🤖 AI Summary
This study investigates the welfare and revenue gaps between widely implemented static congestion pricing and theoretically optimal dynamic pricing in urban road networks. Building upon the Vickrey bottleneck model extended with a macroscopic fundamental diagram (MFD) framework and calibrated with real-world data from the San Francisco Bay Area and New York City, the paper provides the first systematic characterization of both static and dynamic tolling strategies under revenue-maximizing objectives. Theoretically, it establishes that static pricing guarantees at least 50% of the revenue achievable by dynamic pricing in the worst case. Empirically, static pricing attains 80–90% of the optimal dynamic revenue, while incurring only 8–20% higher total system costs. These findings offer both theoretical performance guarantees and empirical validation for the practical efficacy of static congestion pricing.
📝 Abstract
Congestion pricing has emerged as an effective tool for mitigating traffic congestion, yet implementing welfare or revenue-optimal dynamic tolls is often impractical. Most real-world congestion pricing deployments, including New York City's recent program, rely on significantly simpler, often static, tolls. This discrepancy motivates the question of how much revenue and welfare loss there is when real-world traffic systems use static rather than optimal dynamic pricing.

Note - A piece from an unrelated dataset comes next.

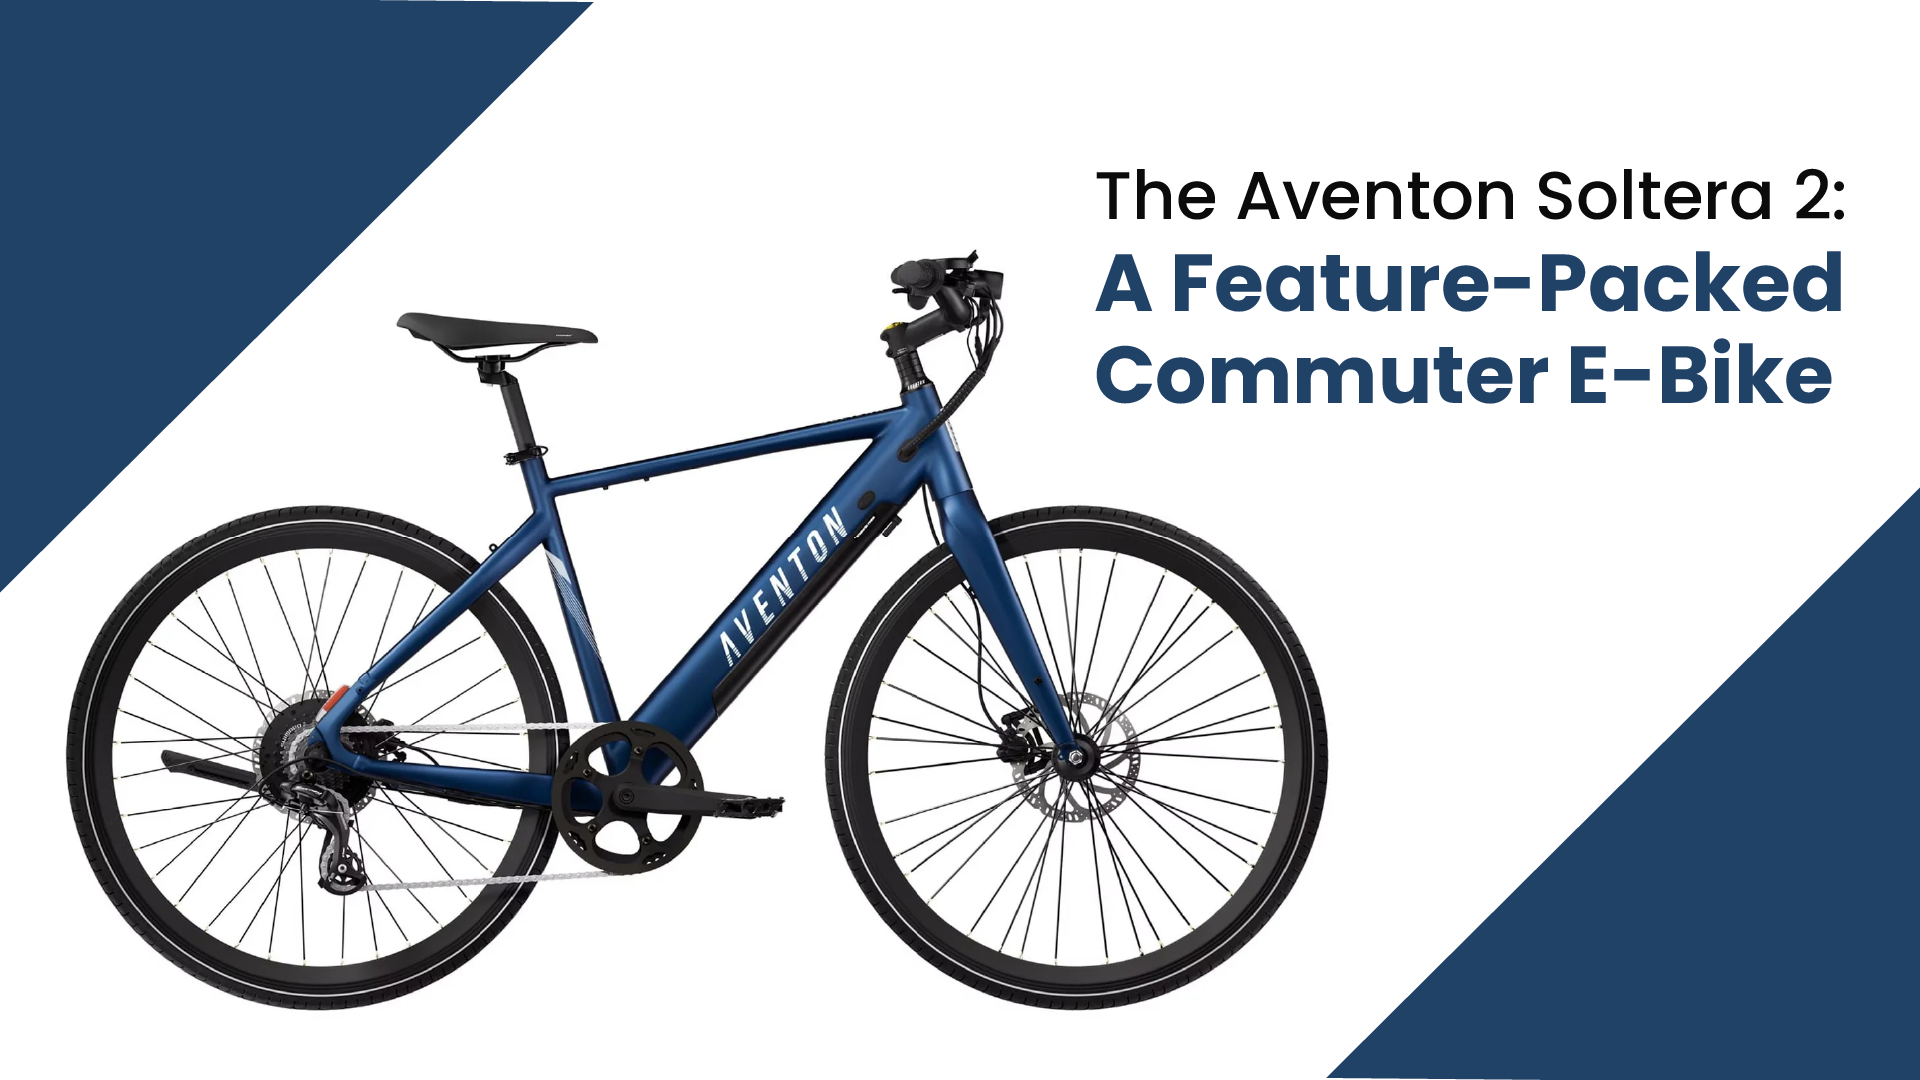 The Aventon Soltera 2: A Feature-Packed Commuter E-Bike

We address this question by analyzing the performance gap between static (simple) and dynamic (optimal) congestion pricing schemes in two canonical frameworks: Vickrey's bottleneck model with a public transit outside option and its city-scale extension based on the Macroscopic Fundamental Diagram (MFD). In both models, we first characterize the revenue-optimal static and dynamic tolling policies, which have received limited attention in prior work. In the worst-case, revenue-optimal static tolls achieve at least half of the dynamic optimal revenue and at most twice the minimum achievable system cost across a wide range of practically relevant parameter regimes, with stronger and more general guarantees in the bottleneck model than in the MFD model. We further corroborate our theoretical guarantees with numerical results based on real-world datasets from the San Francisco Bay Area and New York City, which demonstrate that static tolls achieve roughly 80-90% of the dynamic optimal revenue while incurring at most a 8-20% higher total system cost than the minimum achievable system cost.